◆ Raw data
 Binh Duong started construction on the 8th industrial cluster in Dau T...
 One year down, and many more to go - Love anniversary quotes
--
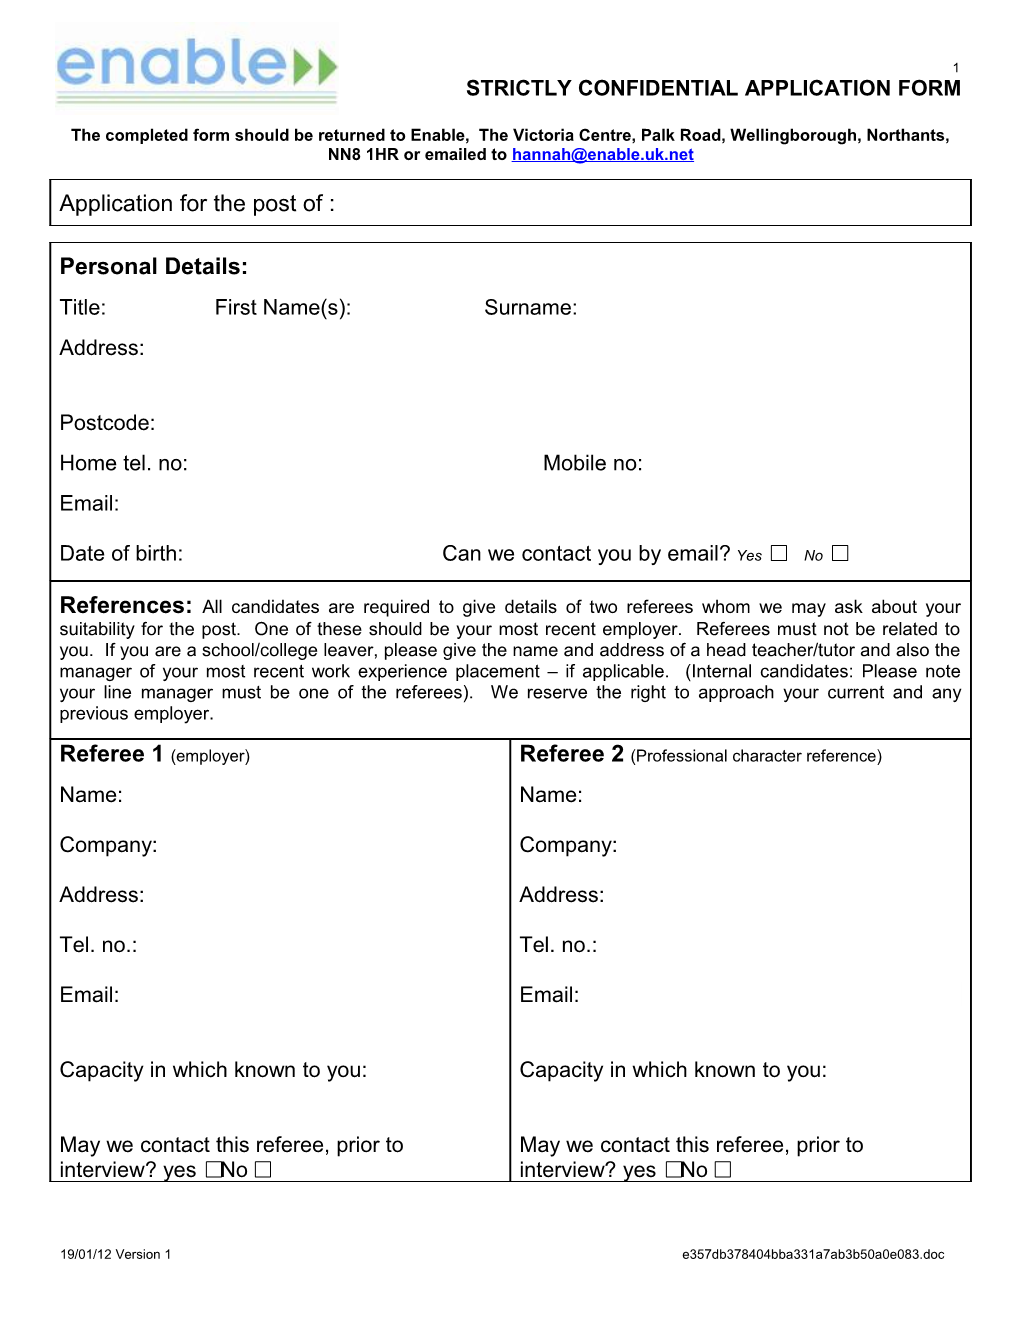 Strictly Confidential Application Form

◆ Exercise details
Copy verbatim, from the listing above, each line from the one containing "Binh Duong started" down to the one containing "One year down, and", inclusive.

◆ Response area
 Binh Duong started construction on the 8th industrial cluster in Dau T...
 One year down, and many more to go - Love anniversary quotes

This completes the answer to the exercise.